The ACL is concerned with conduct and representations in relation to goods and services, as well as standards. It contains far reaching provisions for the protection of consumers as well as business to business transactions including:
- prohibiting conduct that is misleading or deceptive;
- prohibiting unconscionable conduct in connection with the supply of goods or services to a person;
- prohibiting the making of false or misleading representations;
- in relation to contracts, in particular, prohibiting unfair contract terms in standard form small business and consumer contracts;
- product safety and standards; and
- The ACCC and state based regulators regulate processes and enforce consumer law in Australia.
Misleading or Deceptive Conduct and Unconscionable Conduct
Section 18 of the ACL states that “A person must not, in trade or commerce, engage in conduct that is misleading or deceptive or is likely to mislead or deceive”. This section is one of the most often referred to sections of law in Australia.
It should be noted that a person includes a corporation.
Further, the ACL contains prohibitions on engaging in unconscionable conduct in trade or commerce, picking up concepts developed in the common law as well as supplementing them with ACL defined concepts of unconscionability. Unconscionable conduct includes:
- the exploitation by a stronger party of a weaker party;
- a party taking advantage where there is a significant difference in the relative bargaining positions; or
- the exertion of pressure or undue influence over a vulnerable party.
In addition to damages, a person may seek a wide variety of remedies under the ACL for misleading or deceptive conduct or unconscionable conduct. The ACL contains some wide ranging and powerful remedies so as to ensure fairness is achieved.
Further, the ACCC and other regulators can also seek damages, pecuniary penalties, injunctions and other orders in favour of consumers for breaches of these provisions.
Significant ACL contract provisions
Certain types of contracts and documents in business to consumer and business to business transactions are regulated and certain unfair contract terms may contravene the ACL. The ACL has specific implications for:
- standard form contracts;
- suppliers of goods and services;
- guarantees and warranties;
- invoices, statements and receipts;
- leases and other documents relating to interests in land;
- unsolicited (door to door) agreements; and
- lay-by and hire purchase type agreements.
Unfair Contract Terms
From 10 November 2023, it will become illegal for corporations to include unfair contract terms in standard form contracts with consumers or small businesses.

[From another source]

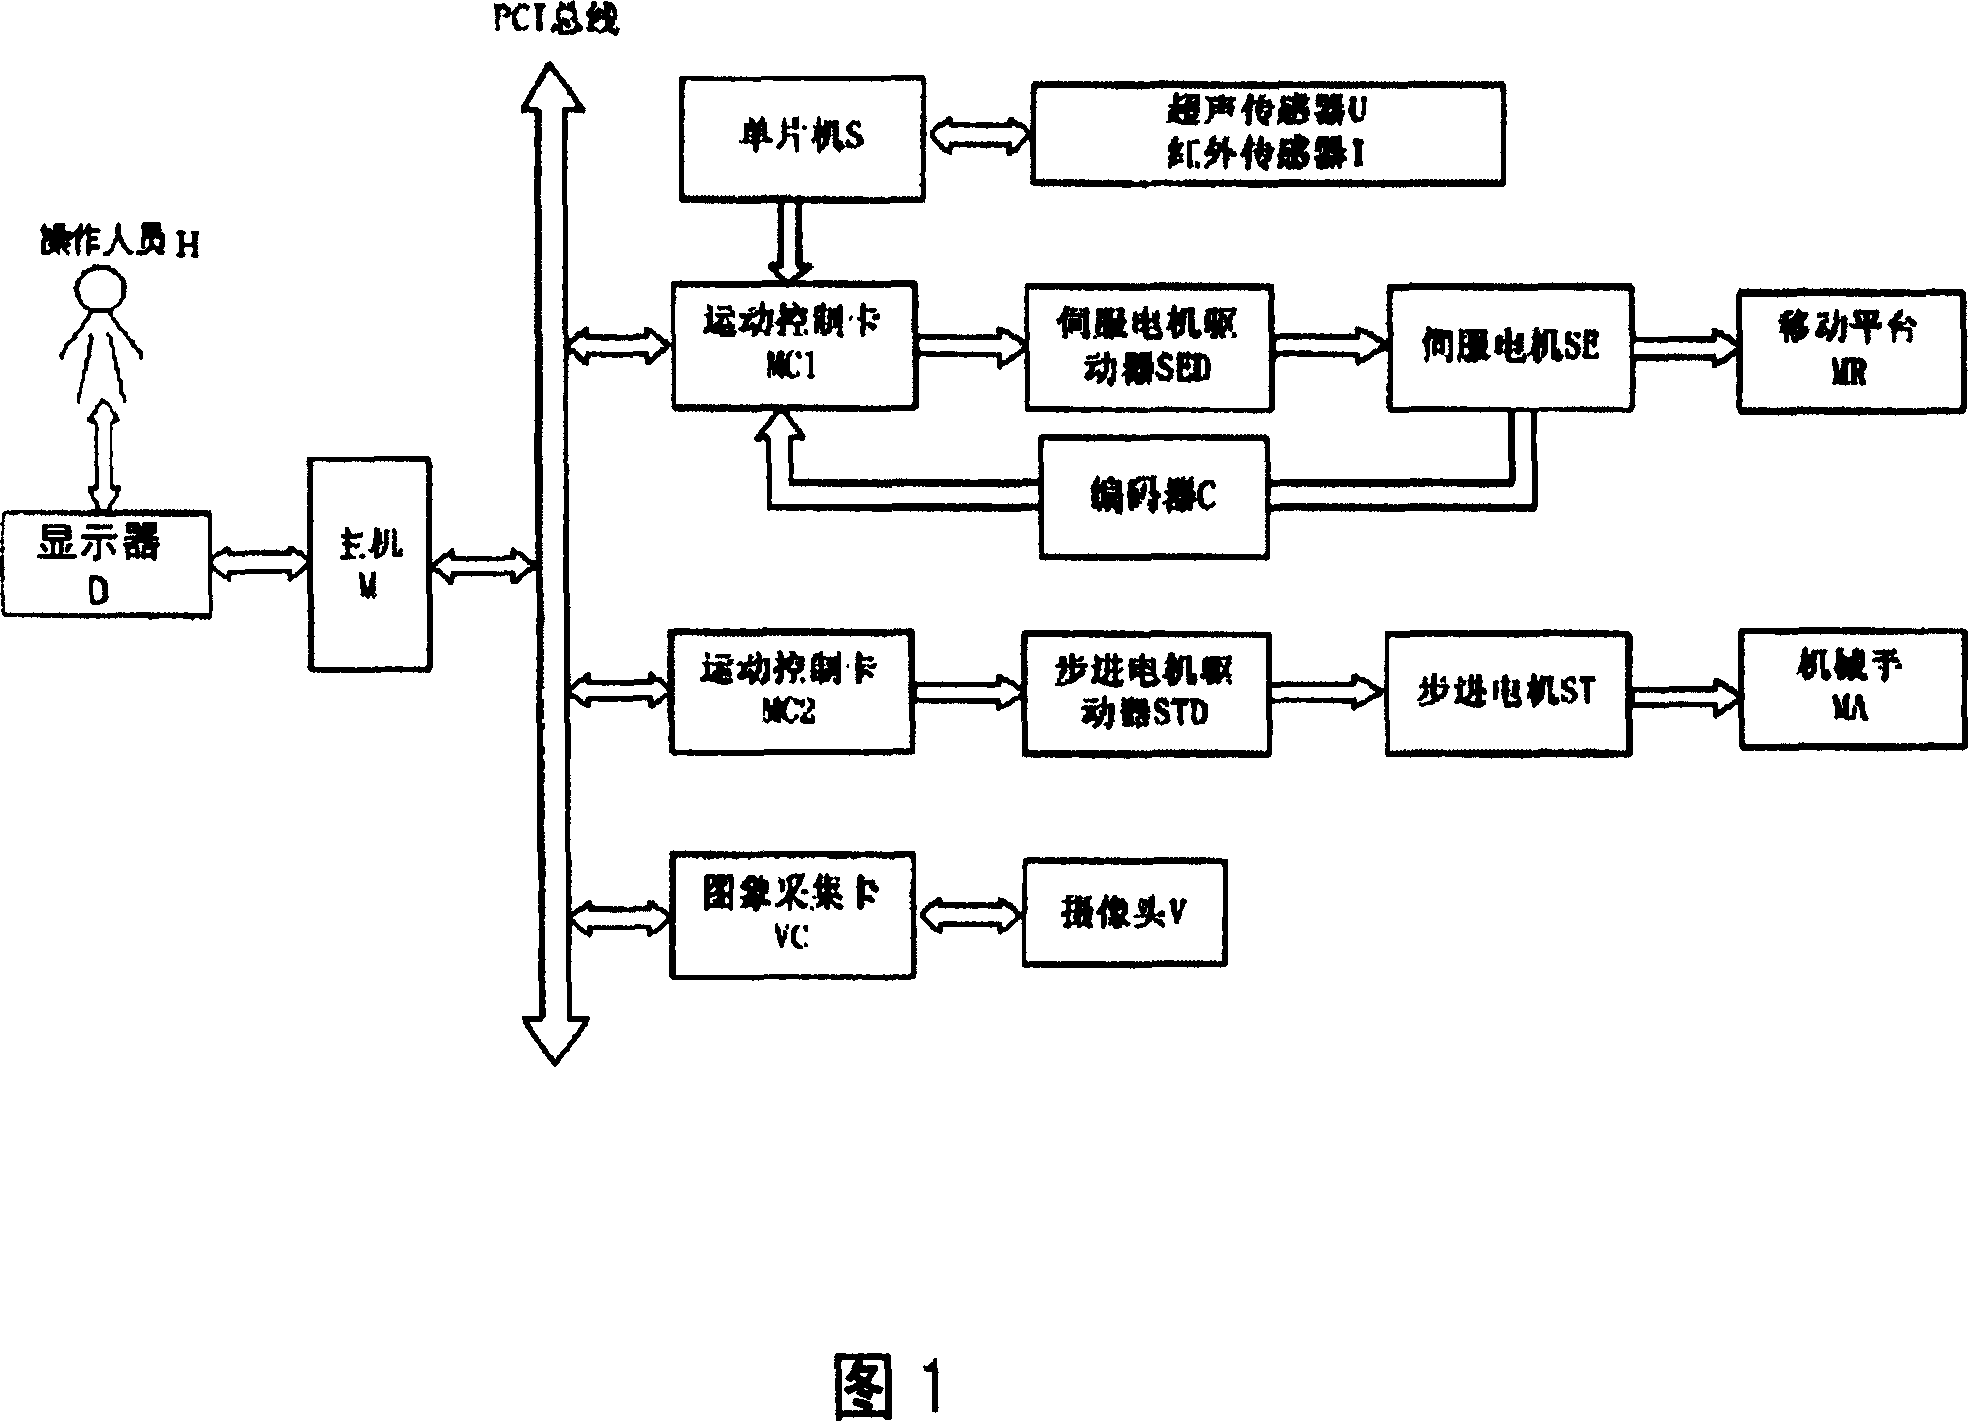 Controlling system of movable manipulator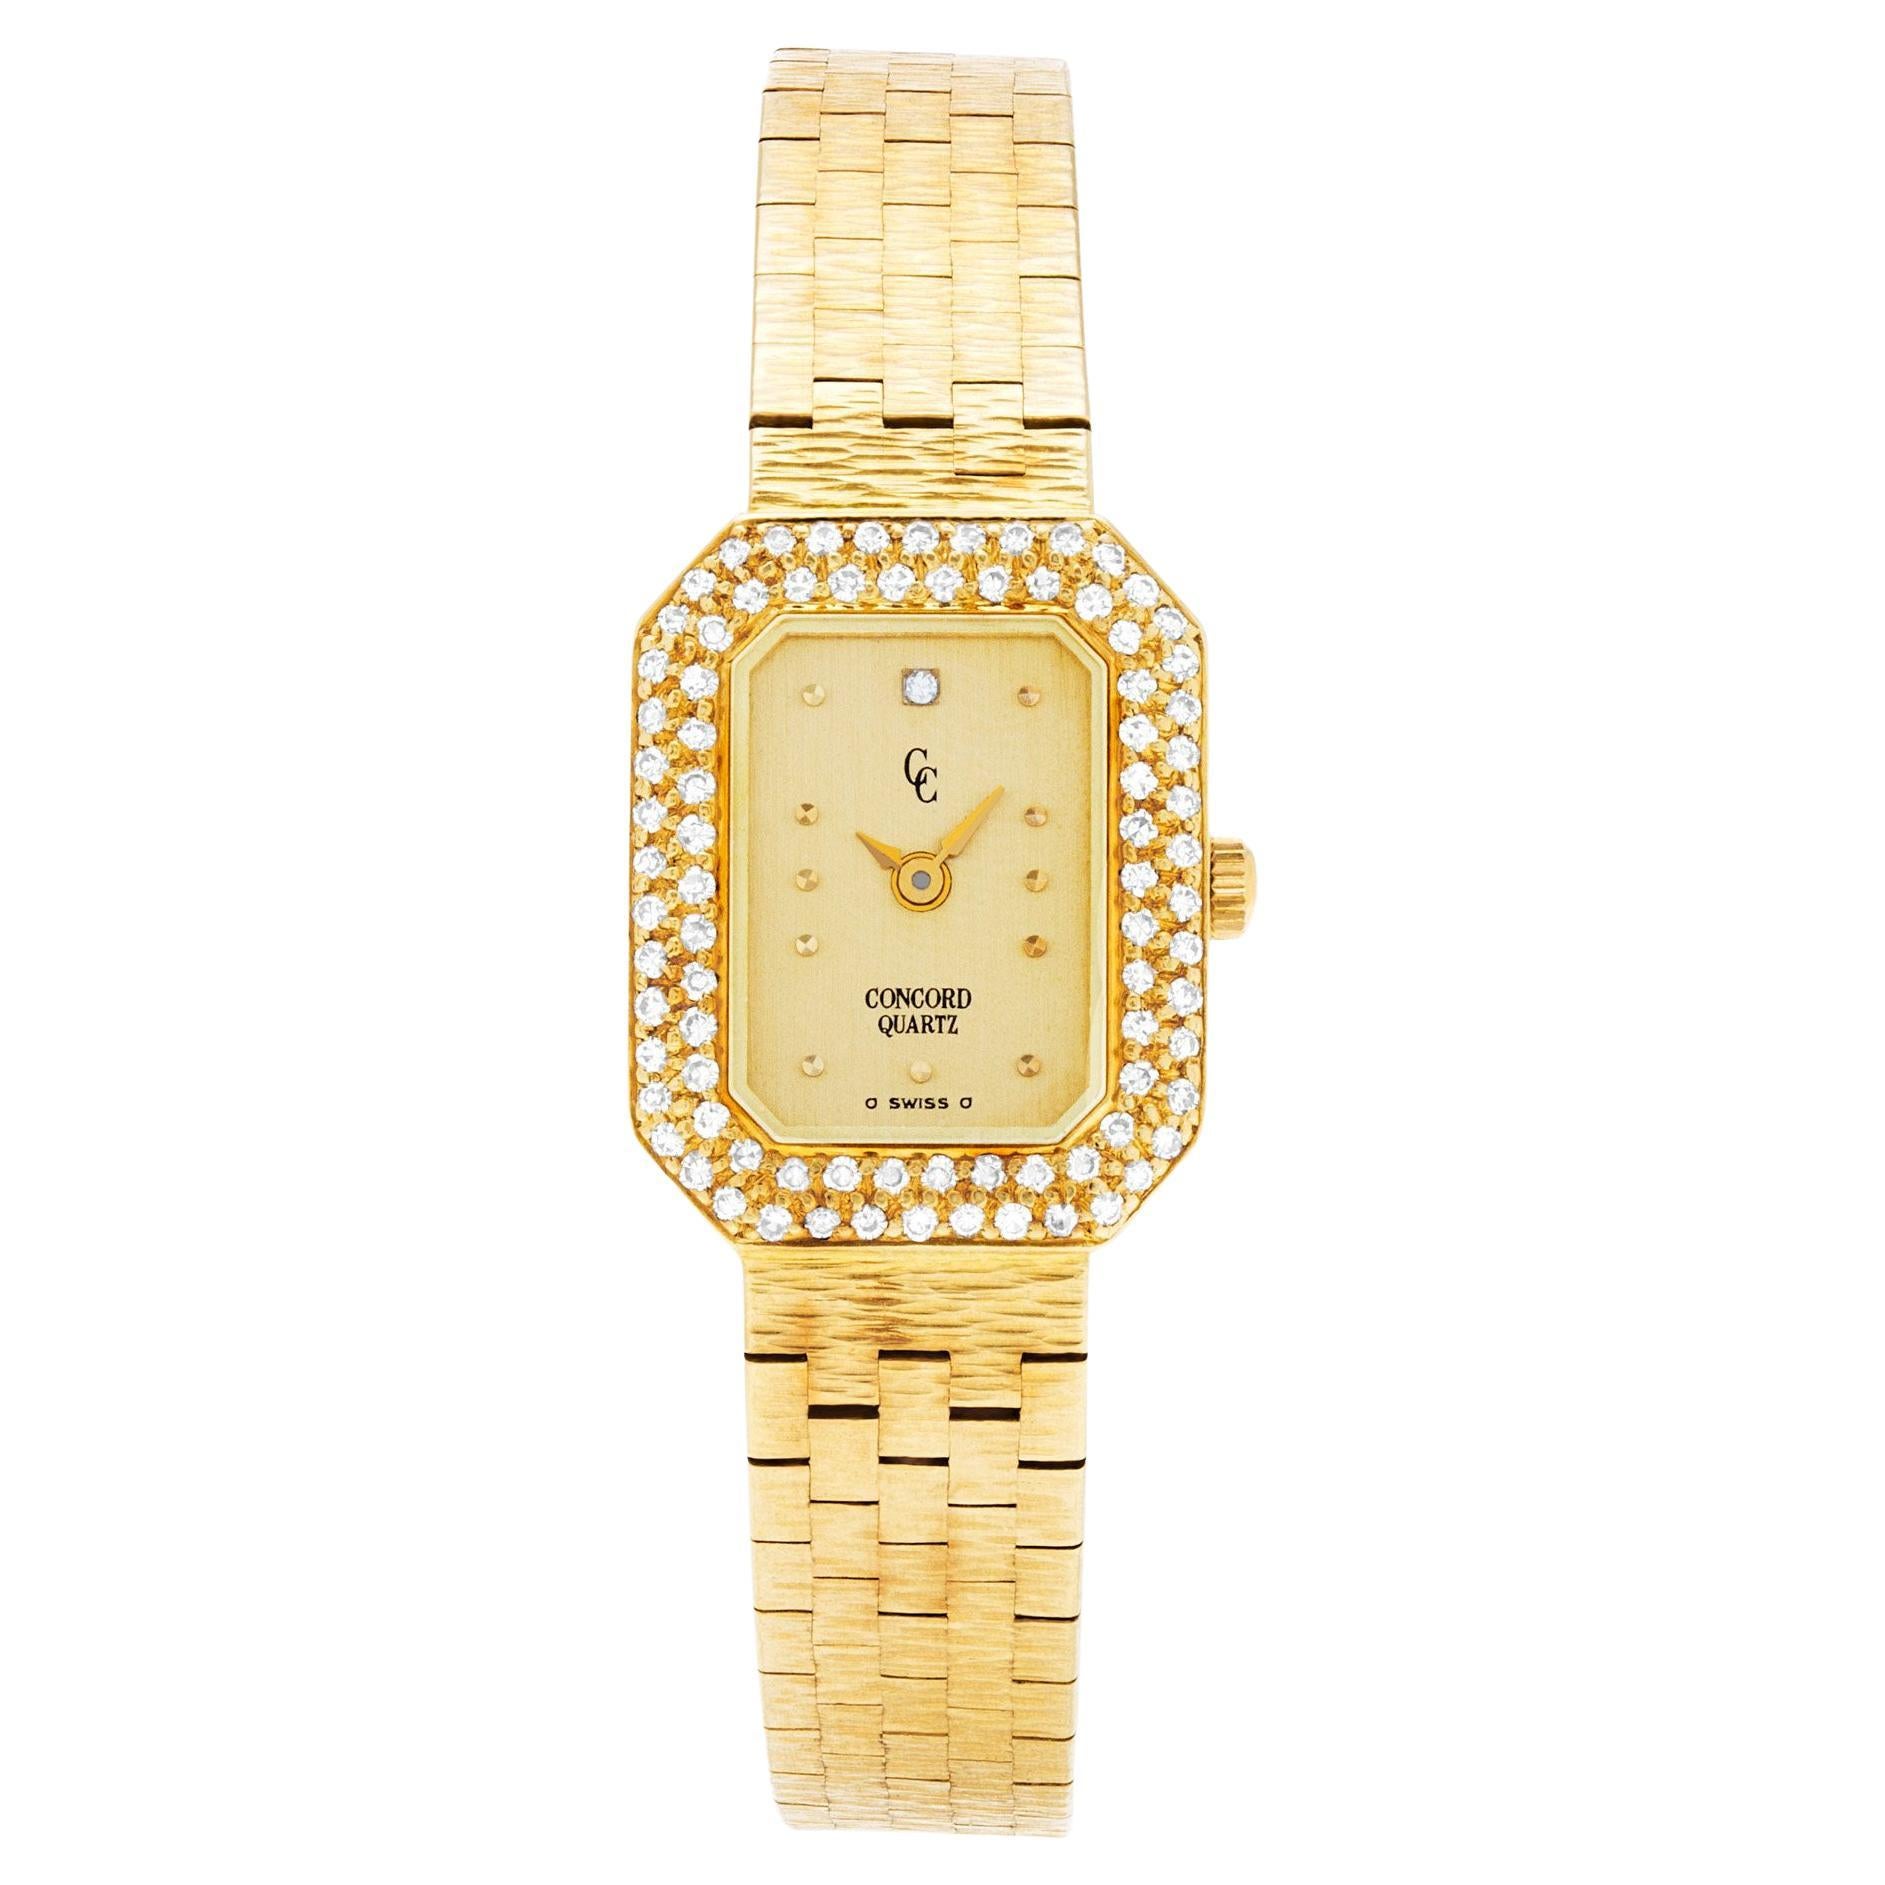 Concord Classic Watch in 18k Yellow Gold with Diamond Bezel, Quartz, Champagne

Consumer contracts are defined as contracts for the supply of goods or services or a sale or grant of an interest in land to an individual whose acquisition of the goods, services or interest is wholly or predominantly for personal, domestic or household use or consumption.
Small business contracts are defined as contracts for the supply of goods or services, or a sale or grant of an interest in land with a business that employs fewer than 20 persons, in circumstances where the upfront price payable as part of the transaction is under $300,000, or $1 million for contracts lasting more than 12 months.
From 10 November 2023, the definition of a small business contract will change to coincide with the introduction of the new unfair contract terms regime. Agreements will be deemed to be small business contracts if a business:
- has 100 or fewer employees; and
- has a turnover of less than $10 million per annum.
Terms that could be considered “unfair” are terms that:
- would cause a significant imbalance in the parties’ rights and obligations arising under the contract;
- are not reasonably necessary in order to protect the legitimate interests of the party who would be advantaged by the term; and
- would cause detriment (whether financial or otherwise) to a party if it were to be applied or relied on.
Representations and the Supply of Goods and Services
The ACL includes prohibitions on making false or misleading representations in relation to but not limited to:
- a particular standard, quality, value or grade of goods or services;
- bait advertising;
- unsolicited goods or services;
- testimonials (where a person endorses goods or services);
- guarantees and warranties (where a requirement to pay for a contractual right is claimed which is wholly or partly equivalent to any condition, warranty, guarantee, right or remedy a person has under law);
- land and interests in land; and
- timeframes and delays (where it is claimed goods or services will be provided within a certain time).
In relation to the supply of goods and services the ACL also covers topics including pricing and harassment and coercion.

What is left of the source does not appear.